They Can’t Get That Anywhere

I have a nagging critique that dogs a lot of my ministry work, especially work with youth: not Christian enough.

That our relationships with youth must issue in distinctively Christian expressions, like prayer or devotional lessons–and that interactions with youth that lack those expressions are fine but not really “ministry”–is a weight that I think a lot of us are bearing for no good reason. It’s the “They could get ‘relationships’ anywhere” dig.

The problem with that thinking is that trusting and reciprocal relationships with adults who aren’t their parents and aren’t paid to spend time with them can’t, for most youth, be had anywhere. We have multiplied the number of adults in relationship with teenagers to include coaches, teachers, tutors, scout leaders, college advisers, and so on. Yet all of those adults, in addition to being paid for their time with youth, have an agenda for them. It’s a good agenda, sure. But it’s an agenda.

Youth ministry should offer teenagers relationships with adults and a community of peers that wants nothing more of them than their very human Child-of-God selves. Share the gospel with them, yes. Study Scripture. Pray, please. But let’s stop banging our head against our Bibles if our gatherings with some youth don’t contain those distinctively Christian expressions.

We are the distinctively Christian expression. Us and our theological vision that squints to see teenagers as God sees them: inherently valuable and worth a universe of attention and time.

Nobody is saying this more clearly today than Andy Root.

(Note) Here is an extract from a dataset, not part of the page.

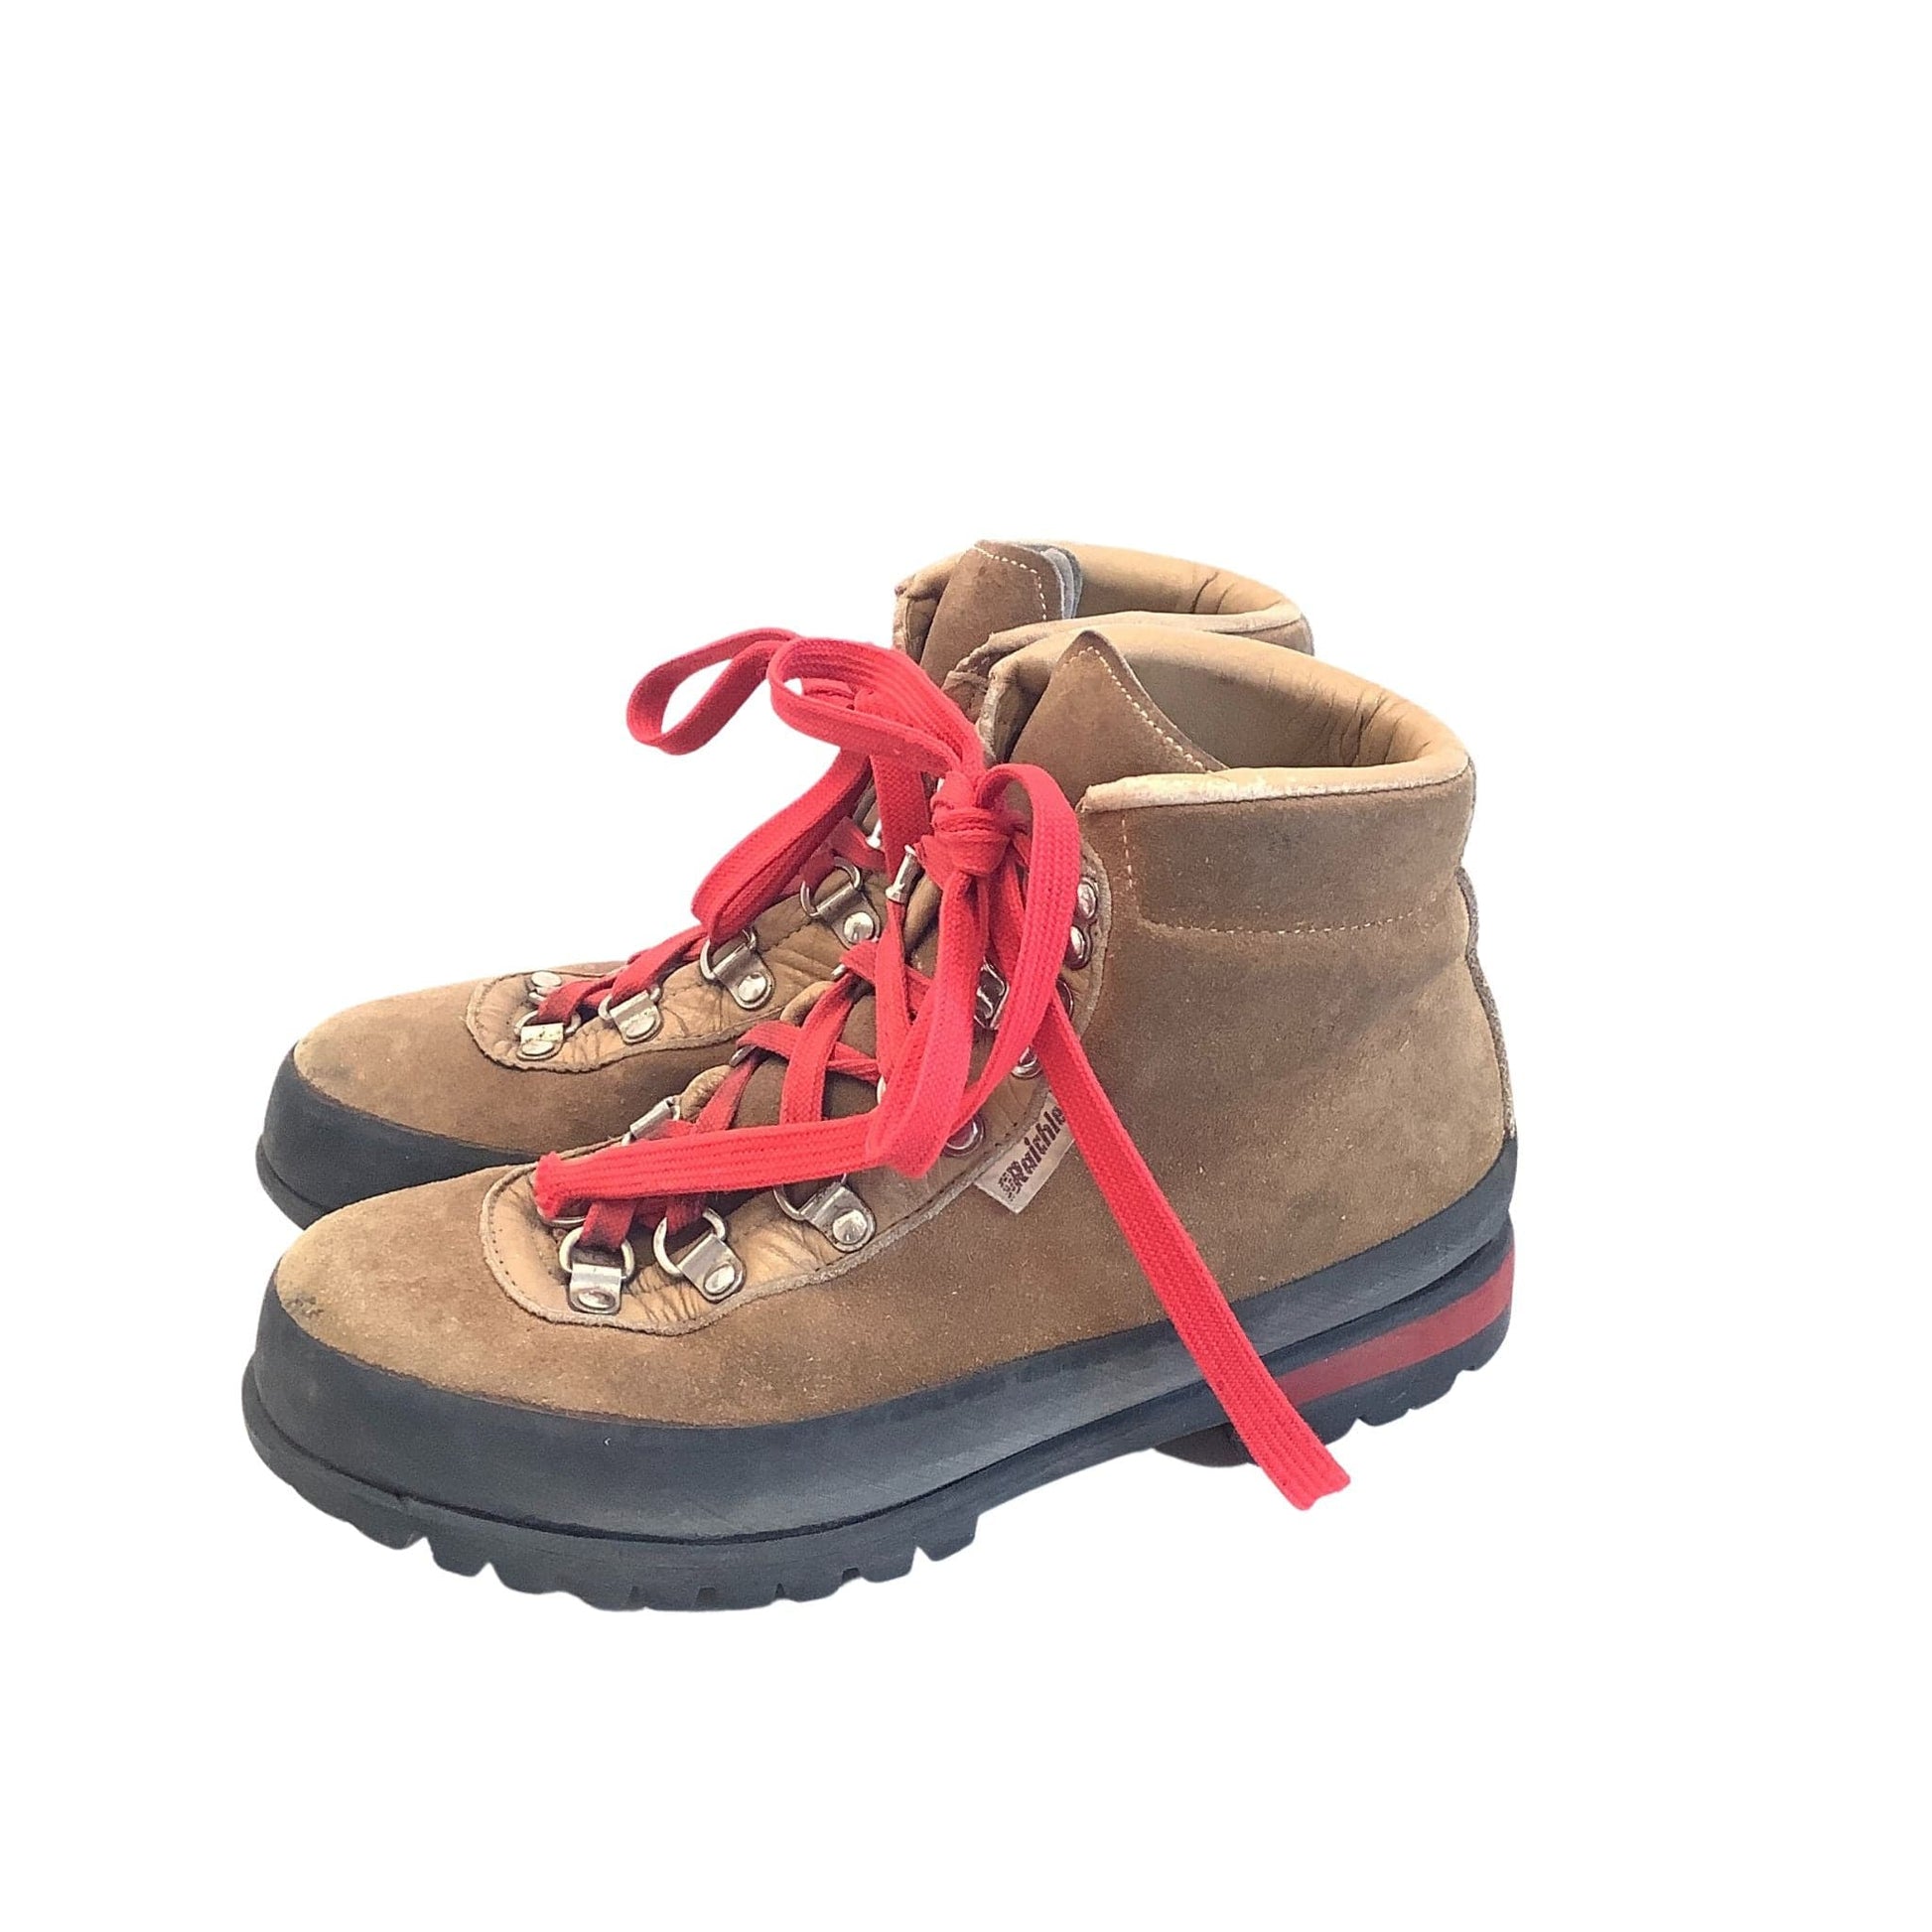 Vintage Raichle Hiking Boots 7 / Multi
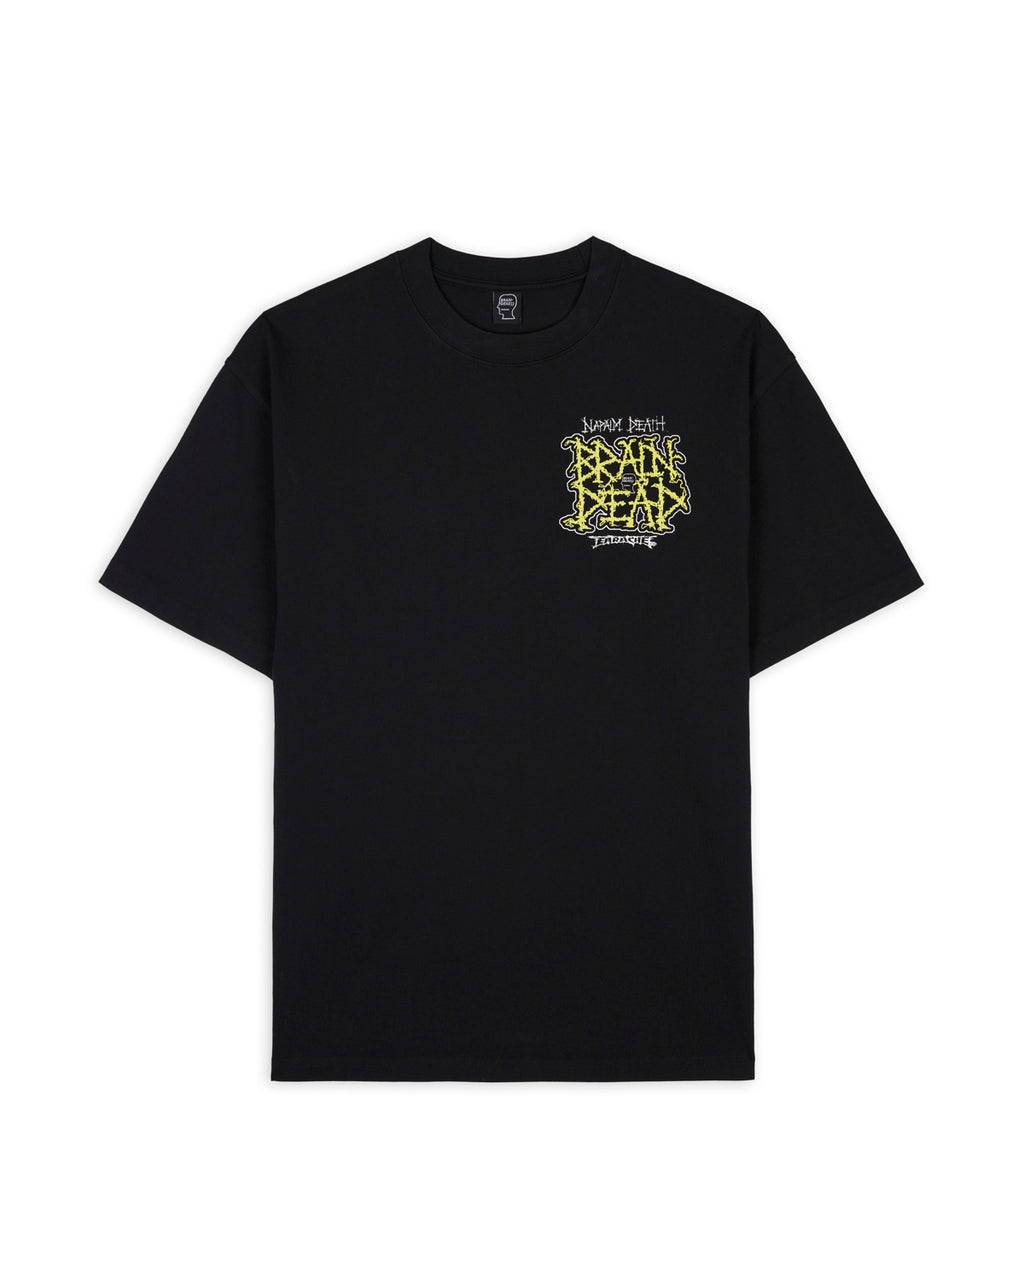 Brain Dead x Napalm Death Nuclear Scum T-Shirt- Black

4 thoughts on “They Can’t Get That Anywhere

  1. I totally agree with Andy’s take on this. The problem, of course, is that professional youth workers are also paid for their time with youth and usually have an agenda, whether it is saving souls, behavior modification, or to gather enough youth to justify and keep their jobs. The challenge is to convince youth workers and their churches that this agenda-less idea is vital and necessary. And, even more difficult in my experience, is convincing non-paid youth workers that this kind of relationship is critical and way more important than the hour or so they give on Sunday.

    1. For sure. We’re paid, but I wonder if we should start thinking of our work primarily in terms of the adult volunteers and convincing them of the value of this approach.